まず、リラックスという言葉には大別して①体の緊張が緩んでいる様子、②気持ちが穏やかな様子といった意味があります。やや乱暴ですが、冒頭の2パターンに当てはめると「体がリラックスしているから気持ちもリラックスする」と「気持ちがリラックスしているから体もリラックスする」、そして「その両方」であるという考えに落とし込めそうです。
改めてご自身の今の状態を振り返ってみたとき、どのように感じられるでしょうか?実は、私たちの体は常にある程度の緊張を保っています。立つ姿勢、座る姿勢などを”保つ”ためにどこかの筋肉に力が入っています。完全なるリラックス状態だと生き物は形を保つことができなくなってしまいますね。スライムを想像してみるとイメージしやすいかもしれませんが、緊張という支えがない状態では重力に対抗できず、形にならないことが分かります。更に、歩く、話す、などの”動作”を行うためにも緊張が生じます。普段意識することのないレベルでの緊張ですが、歩くときには脚の筋肉や全身の細かな筋肉にわたり力が入っています。
加えてストレスのかかる状況に置かれると、無意識に体へと力が入ります。体のバランスを整える自律神経のうち、交感神経が活発になるために起こるもののひとつです。人によってストレスに感じる程度や頻度に差があり『すぐ緊張する』『緊張がほどけにくい』と感じる方も。暑い寒い、冬のコートが重い、花粉症だ…といった環境的な要素でも体は緊張を強めています。
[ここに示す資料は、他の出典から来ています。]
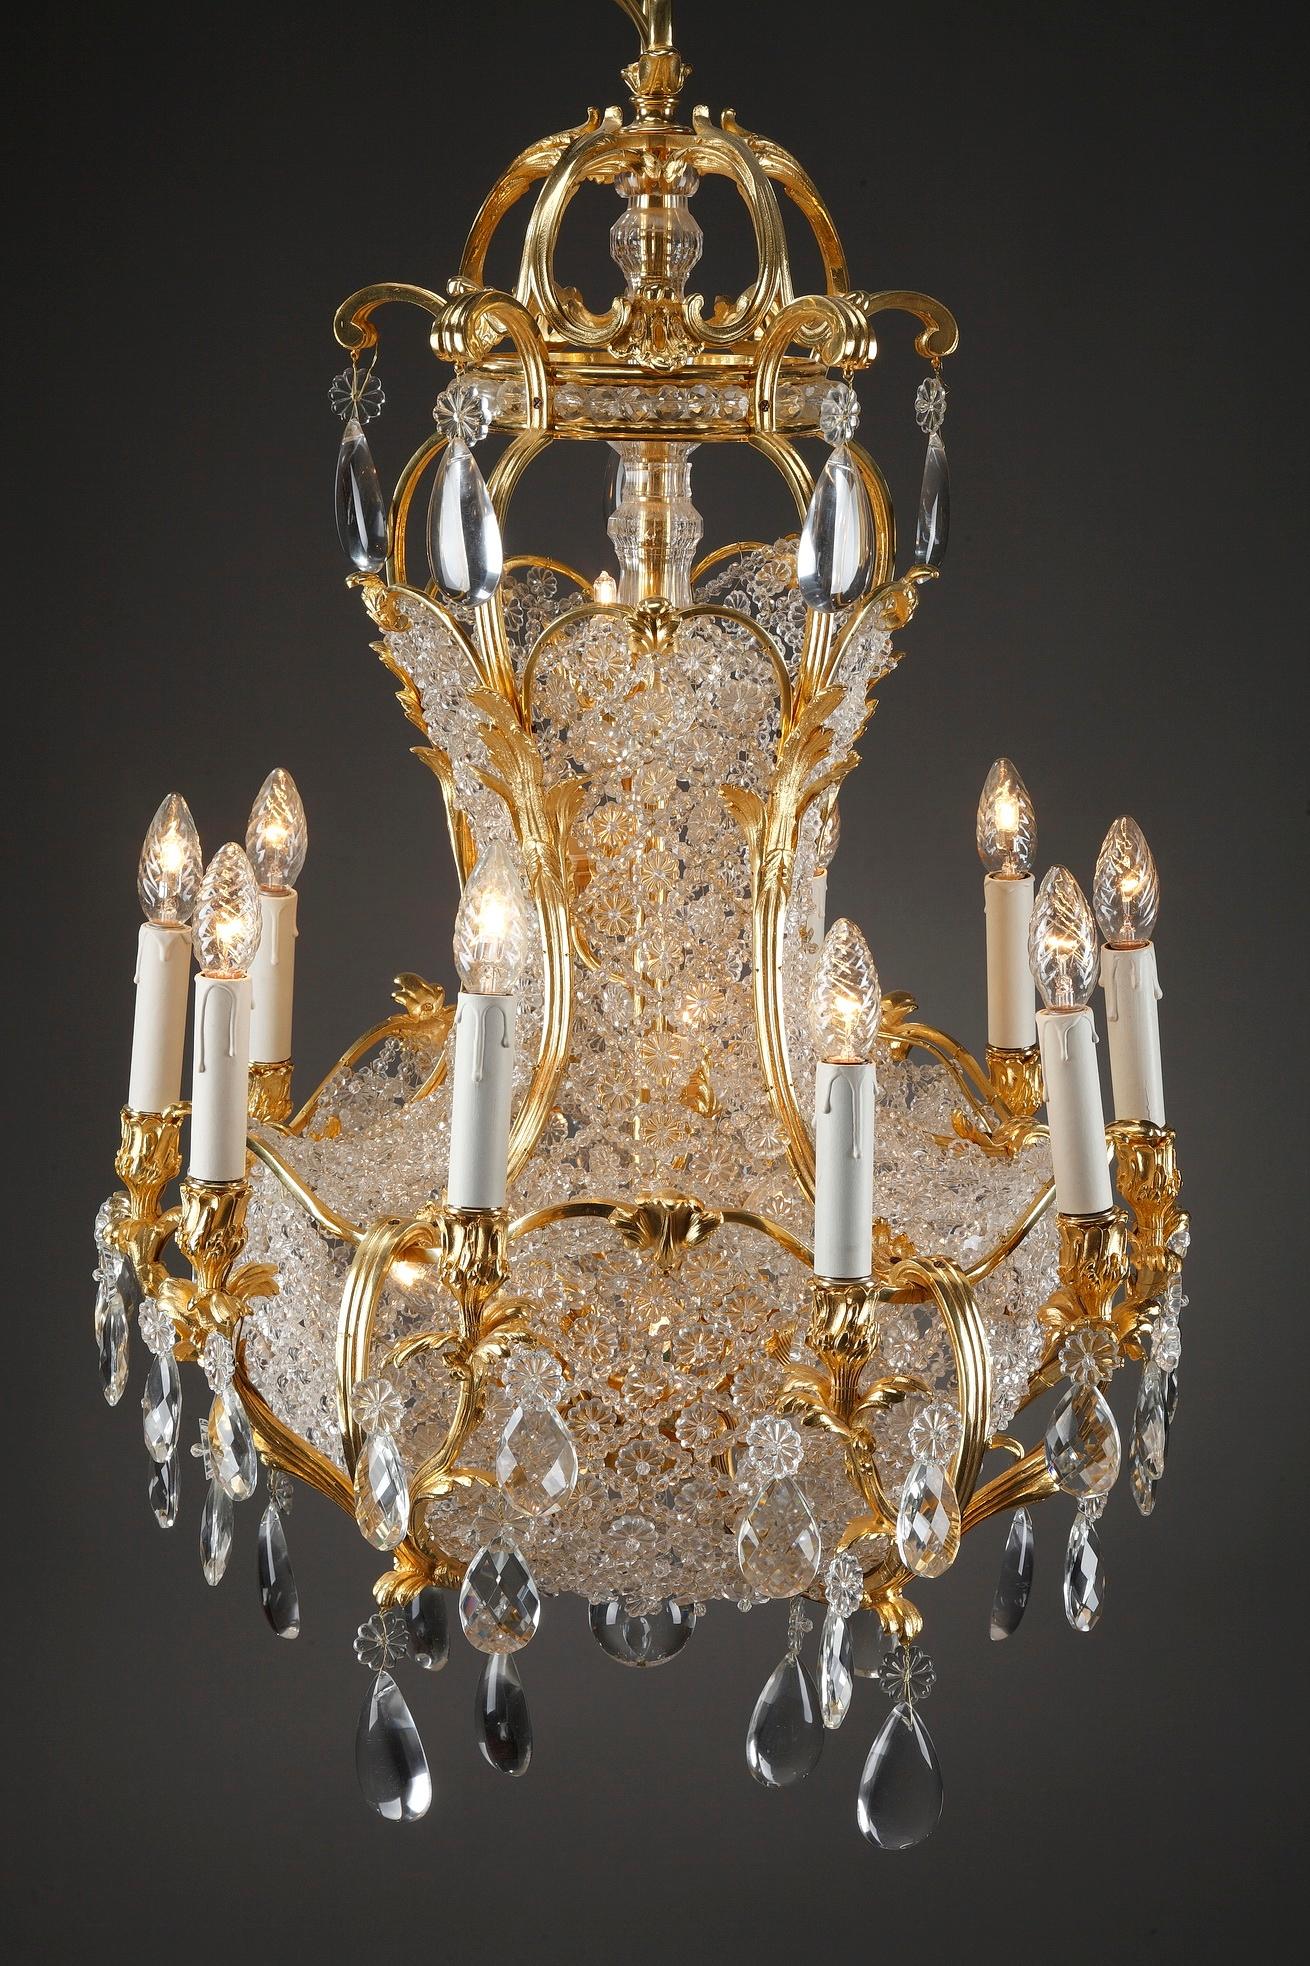 Monumental lustre à 10 lumières en forme de panier en bronze doré et cristal, fabriqué à la fin du XIXe siècle en France. De magnifiques prismes surdimensionnés, des rosettes et des gouttes de cristal poli taillées en tranche sont suspendus à des

この「普段意識することにない」緊張が積み重なり大きくなることが原因です。一方で、自動的にリラックスするような状況はなかなか思いつきません。つまり、私たち生き物は『リラックスするよりも緊張することがたやすい』ものなのです。そう考えてしまうと、私たちは「体がリラックスしているから気持ちもリラックスする」ことはできないのでしょうか?
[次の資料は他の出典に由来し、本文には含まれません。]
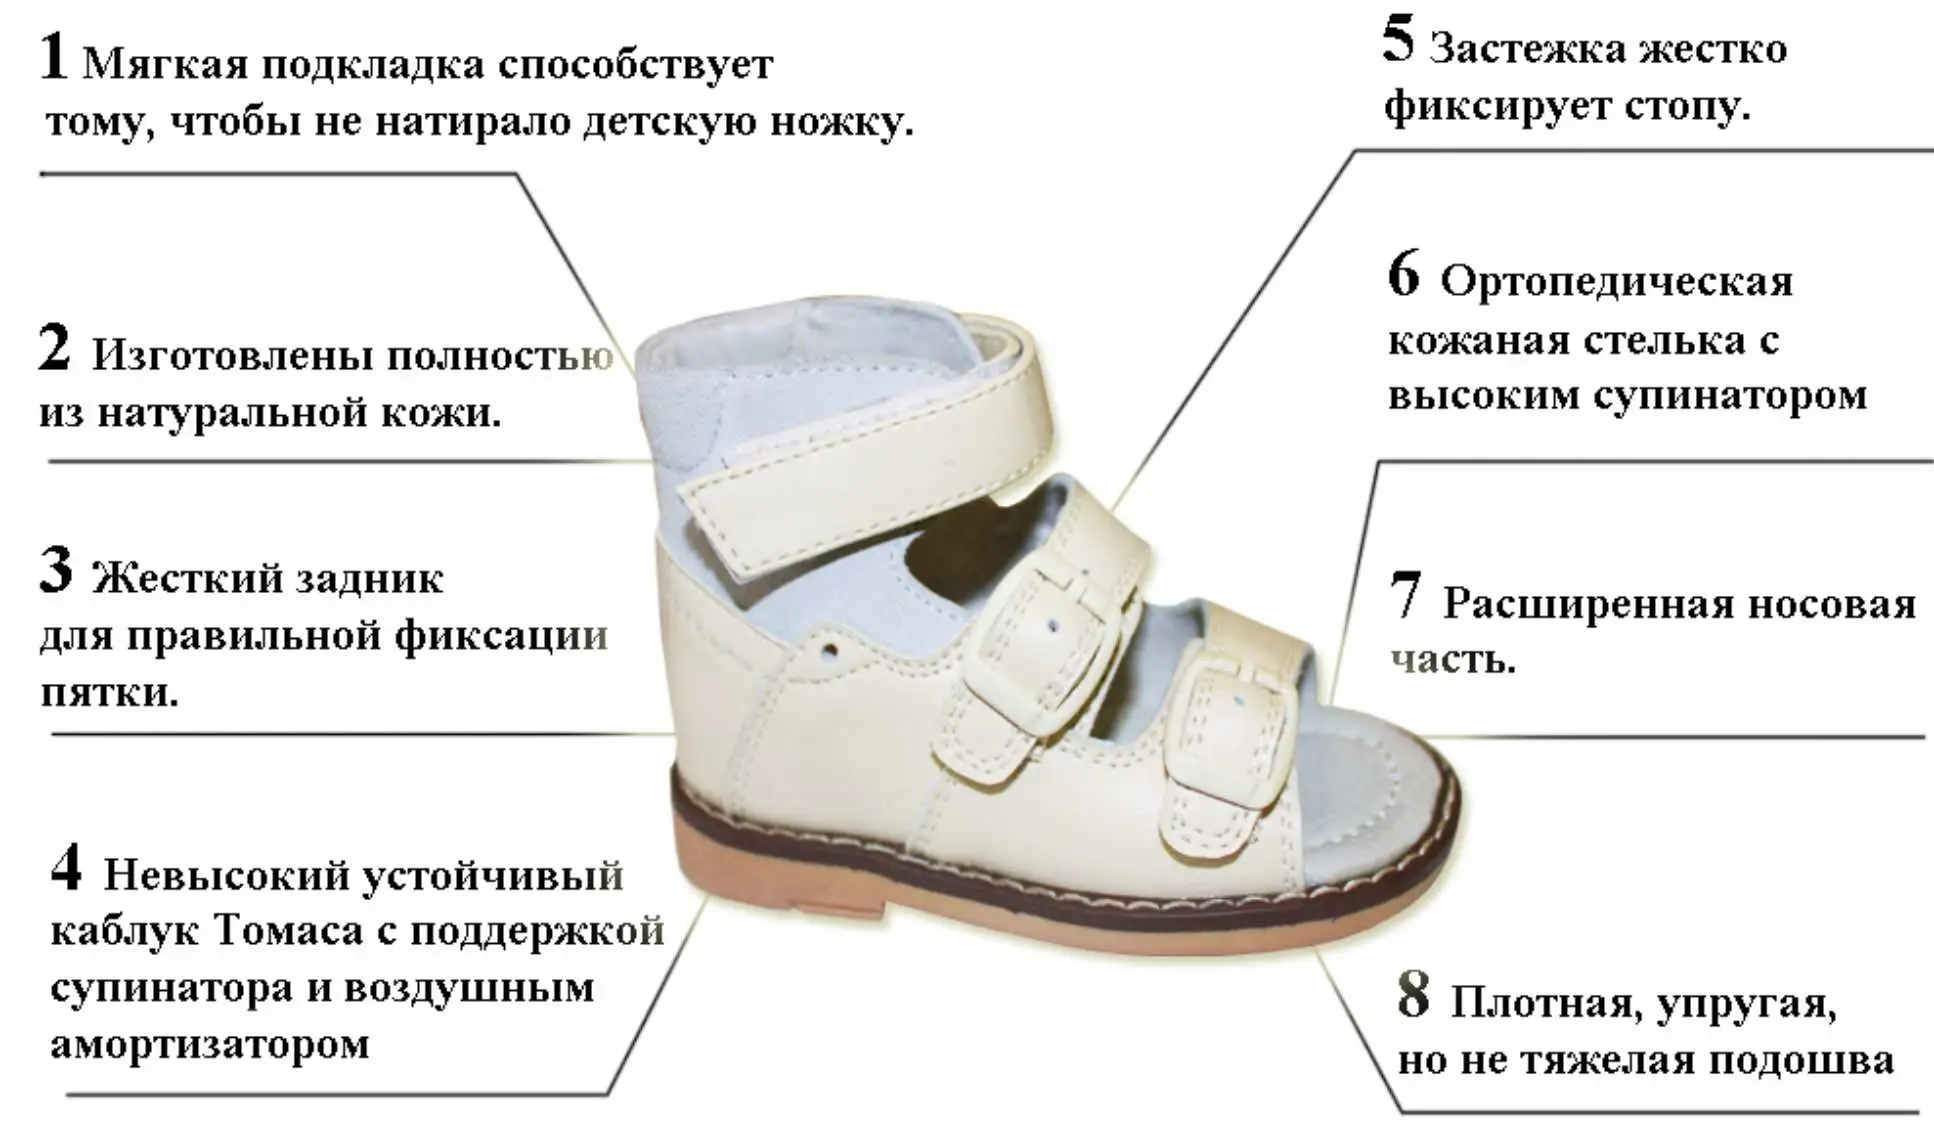 Сандали как правильно. Ортопедическая обувь для детей при вальгусной деформации. Обувь при вальгусной деформации стопы у детей 1 год. Ортопедическая обувь при плосковальгусной стопе. Обувь при вальгусной деформации стопы у детей 2-3.

人体を構成する筋肉には、二種類あります。自分の意思で動かせる筋肉(随意筋)と、意思の及ばない筋肉(不随意筋)です。自分の意思で動かせる筋肉は、骨格筋と呼ばれる腕や脚についている筋肉です。意思と言っても「右手よ、動け!」と思っている訳ではありませんが、少なくとも手が動くのは「スマートフォンを操作しようと思っている」という自分の意向の上に成り立っている行動です。私たちがとる動きのほとんどは、この筋肉の動きによるものです。
一方、意思が及ばない筋肉の代表としては内臓筋が挙げられます。内臓を動かし続けることは、命をキープしつづけるためにとても重要ですね。もし、右手と同じように意思によって内臓を動かしていた場合、どうなるのでしょうか?ボーっと考え事をして、臓器を動かすことを忘れてしまったら…簡単に生命活動が止まってしまいます。おちおち生活していられません。意識を向けなくても動いてくれているこの機能のおかげで、生き物が生きていけるのです。
もうひとつ、生命維持と言えば『呼吸』。呼吸は、意思が及ぶ・及ばないのどちらでしょうか?
ー答えは、両方です。
呼吸は放っておいても止まることはないうえに、意識的に深呼吸のようにタイミングを操作することもできますね。これは、肺を動かす筋肉が、意識によってコントロールできるという特性をもっているために可能になっている例です。つまり、腕や脚などの体の筋肉の緊張感や呼吸は、自分の意思で整えることが出来るということでもあります。意思が及ぶということは、その部分を意識的に動かすことで『緊張した体をリラックスさせることもできる』のです。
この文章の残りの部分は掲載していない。